The result summary is below:
## Family: gaussian
## Links: mu = identity; sigma = identity
## Formula: y ~ b0 + b1 * (dollars - omega) * step(omega - dollars) + b2 * (dollars - omega) * step(dollars - omega)
## b0 ~ 1 + (1 | year)
## b1 ~ 1 + (1 | year)
## b2 ~ 1 + (1 | year)
## alpha ~ 1 + (1 | year)
## omega ~ inv_logit(alpha) * 10
## Data: select(df, y, dollars, year) (Number of observations: 500)
## Samples: 4 chains, each with iter = 2000; warmup = 1000; thin = 1;
## total post-warmup samples = 4000
##
## Group-Level Effects:
## ~year (Number of levels: 5)
## Estimate Est.Error l-95% CI u-95% CI Rhat Bulk_ESS Tail_ESS
## sd(b0_Intercept) 2.45 1.33 0.99 6.15 1.00 1155 1749
## sd(b1_Intercept) 0.24 0.21 0.02 0.76 1.00 1135 1890
## sd(b2_Intercept) 0.11 0.12 0.00 0.40 1.00 1164 1844
## sd(alpha_Intercept) 1.39 0.82 0.45 3.63 1.00 1273 1117
##
## Population-Level Effects:
## Estimate Est.Error l-95% CI u-95% CI Rhat Bulk_ESS Tail_ESS
## b0_Intercept 4.09 1.19 1.10 6.15 1.00 1134 1527
## b1_Intercept 0.82 0.15 0.52 1.12 1.00 1493 1415
## b2_Intercept 0.08 0.08 -0.08 0.26 1.00 1973 1715
## alpha_Intercept -0.09 0.68 -1.55 1.21 1.00 1411 1198
##
## Family Specific Parameters:
## Estimate Est.Error l-95% CI u-95% CI Rhat Bulk_ESS Tail_ESS
## sigma 1.11 0.04 1.04 1.18 1.00 4290 2479
##
## Samples were drawn using sampling(NUTS).
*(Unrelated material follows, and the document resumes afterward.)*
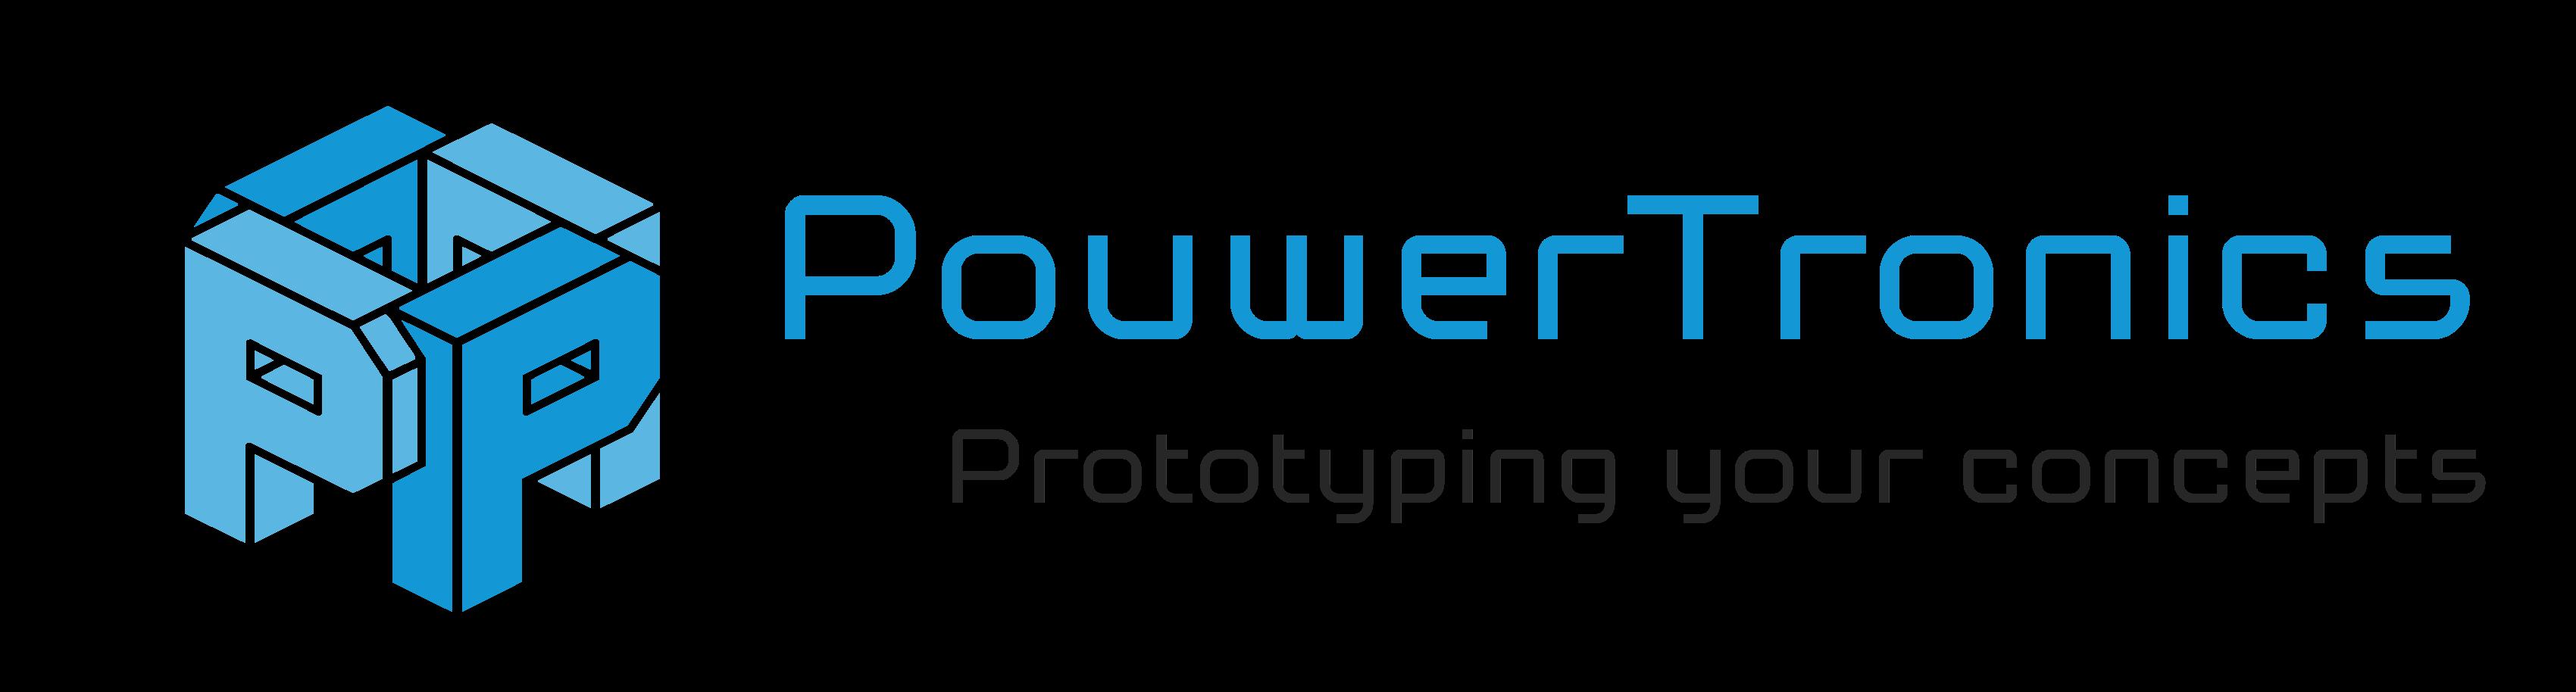 PouwerTronics

For each parameter, Bulk_ESS
## and Tail_ESS are effective sample size measures, and Rhat is the potential
## scale reduction factor on split chains (at convergence, Rhat = 1).
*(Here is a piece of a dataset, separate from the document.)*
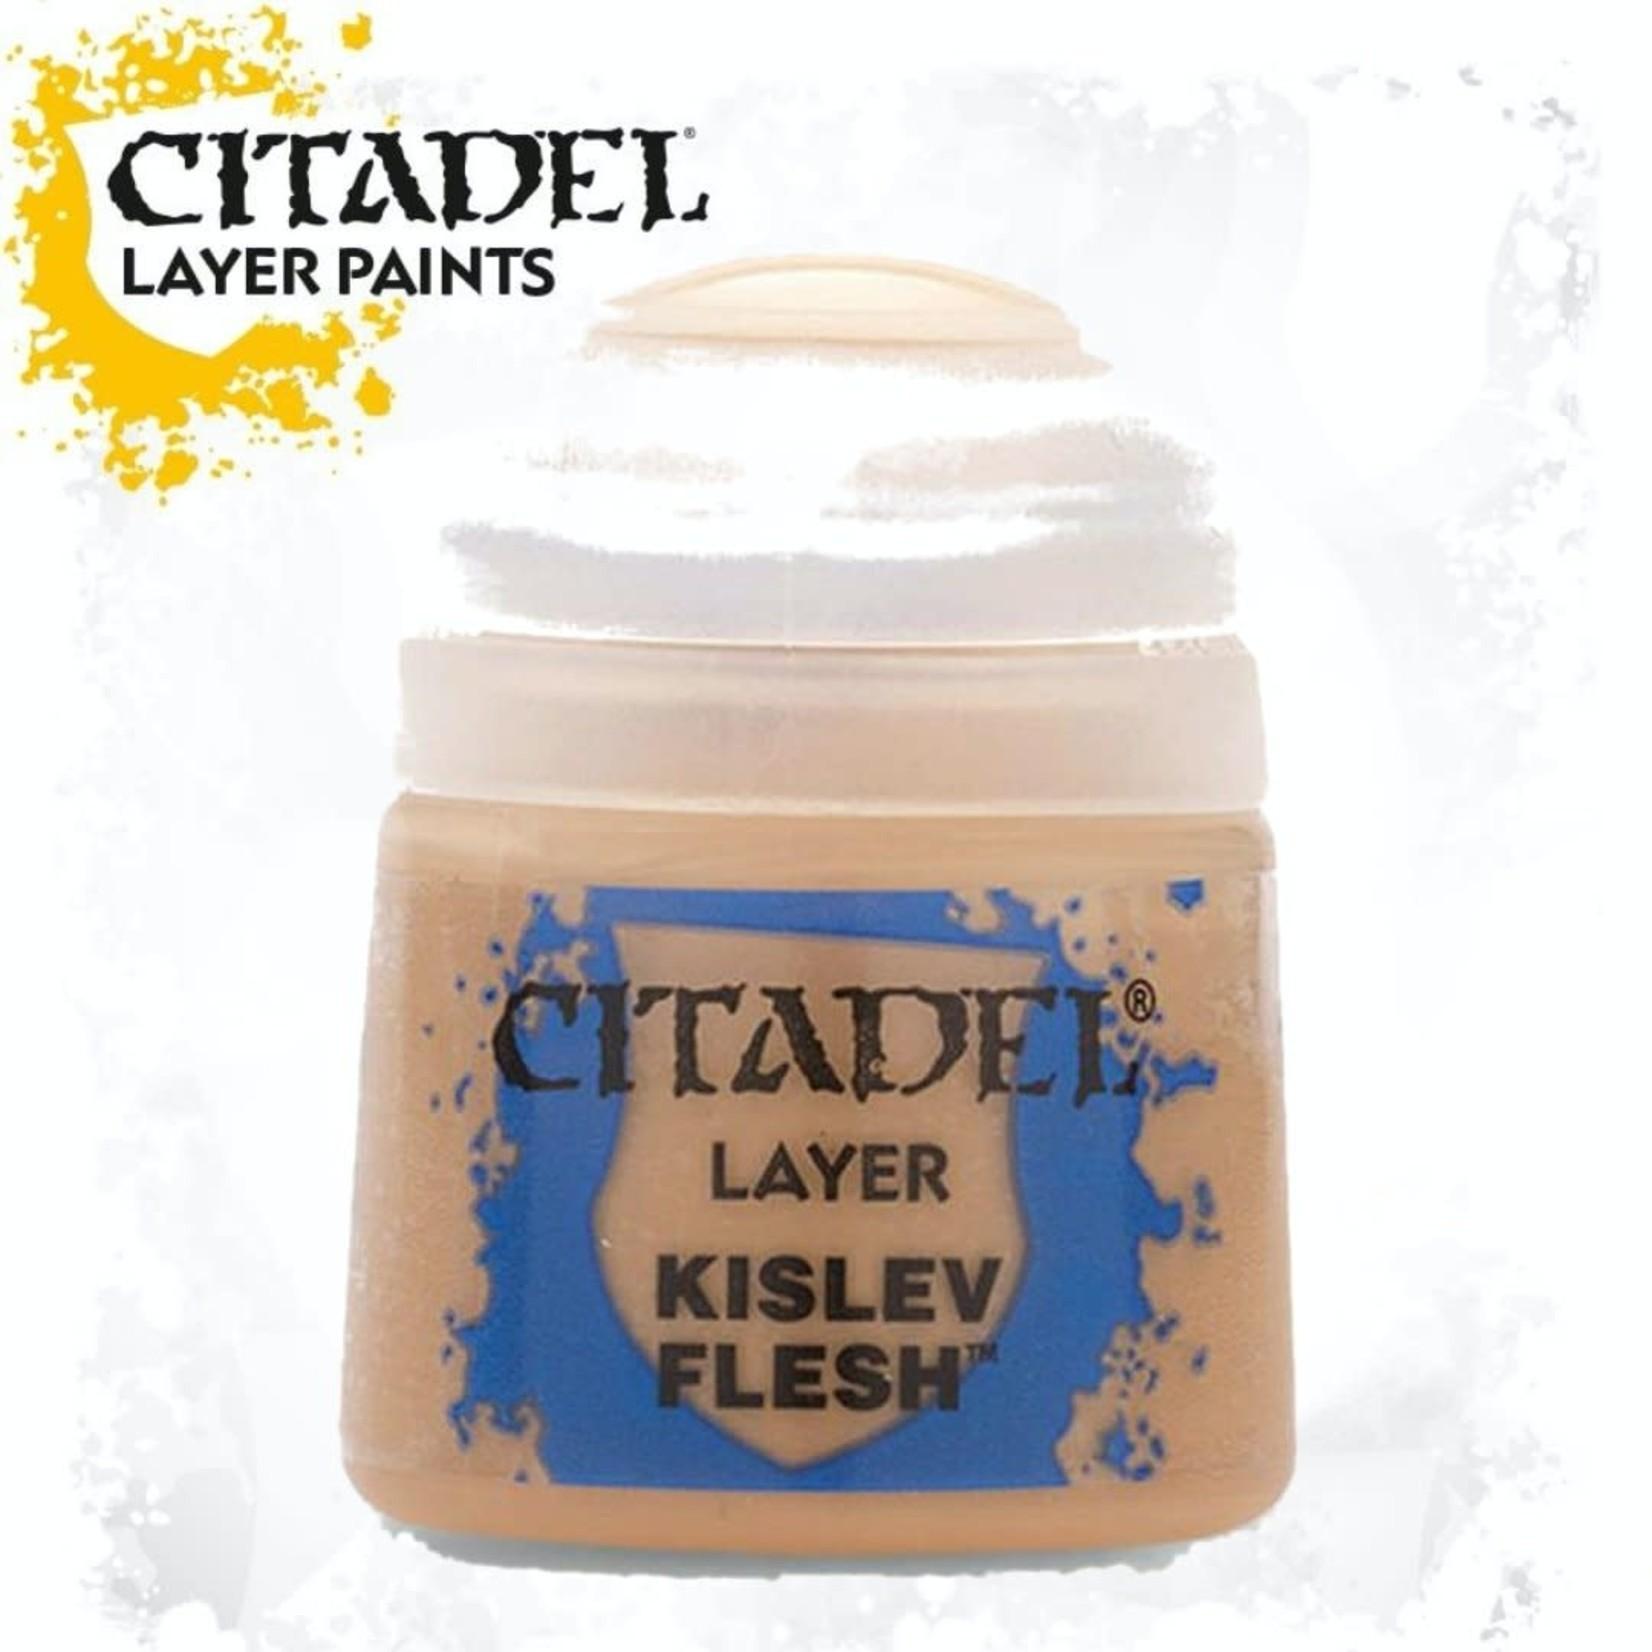 Citadel Citadel Paint - Layer: Kislev Flesh

So the distribution of the hyperparameter α is also our population-level
(fixed) effect of alpha (alpha_Intercept
).
This time we have to get the estimates of ω from the random intercepts in the model:
## Year fixed_omega random_omega true_omega delta
## 1 1 4.767127 2.324506 3 0.6754936
## 2 2 4.767127 4.318650 4 0.3186496
## 3 3 4.767127 4.856660 5 0.1433400
## 4 4 4.767127 5.646031 6 0.3539690
## 5 5 4.767127 7.814716 7 0.8147164
The L1 difference for the ω estimates was 0.4612337, which should be smaller than the no pooling L1 difference.
The R2 was:
## Estimate Est.Error Q2.5 Q97.5
## R2 0.6994572 0.01278434 0.6725309 0.7226745
Despite similar estimates for the other parameters (b1, b2) and similar R2 values, the partial pooling model was able to estimate the true ω values better than the no pooling model. The benefit was due to shrinkage in the random estimates of ω for each year. The amount of shrinkage is represented precisely by the L1 difference between the two models: L1no pool — L1partial = 0.1880205.
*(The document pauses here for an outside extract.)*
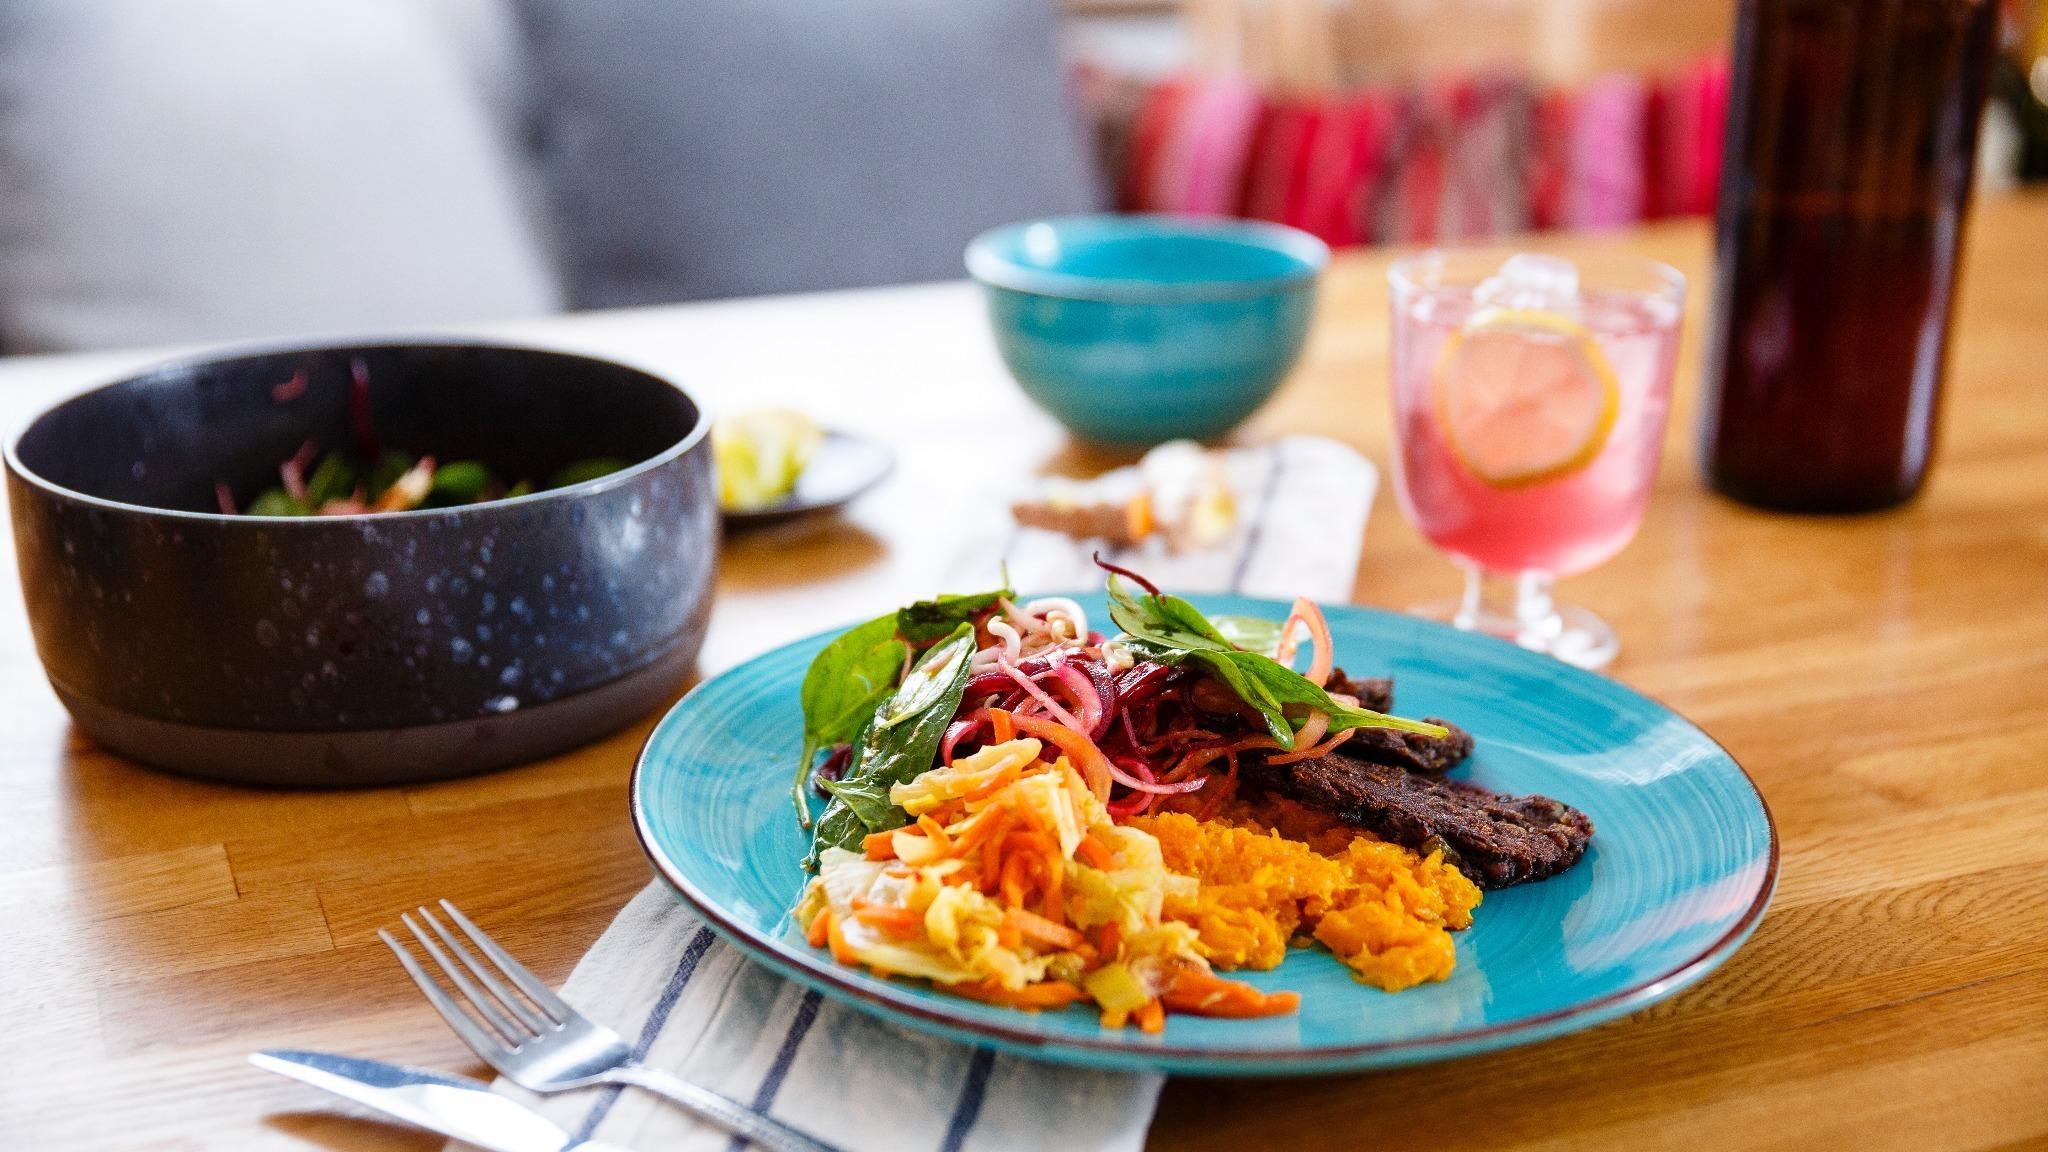 maträtt uppdukad på bord med bestick, glas, servett och tillbehör.

Another way to compare models is via the WAIC:
## elpd_diff se_diff elpd_waic se_elpd_waic p_waic se_p_waic waic se_waic
## pp_fit 0.0 0.0 -770.6 16.3 18.5 1.4 1541.3 32.6
## np_fit -0.1 0.6 -770.7 16.3 18.4 1.4 1541.4 32.5
The WAIC comparison can be uncertain in this context. Check the
se_diff
to elpd_diff
ratio. Notice that even though our partial
pooling model had more parameters, the penalty (p_waic
) may be
smaller. This is due to the regularization of the hyperparameter for
alpha (which the model learned from the data). The regularization (i.e.,
shrinkage) results in a less flexible posterior and therefore fewer
effective parameters.
Given the uncertainty in the WAIC comparisons, comparing the L1 difference between ω for the two models seems to be a more valid test for the best model in this context.
Nb. A complete pooling model would assume there is no variation in ω
between years and so only estimate a single population-level (fixed)
value for ω (e.g., alpha = 1
). Clearly this will produce the worst
L1 difference and so wasn’t considered here.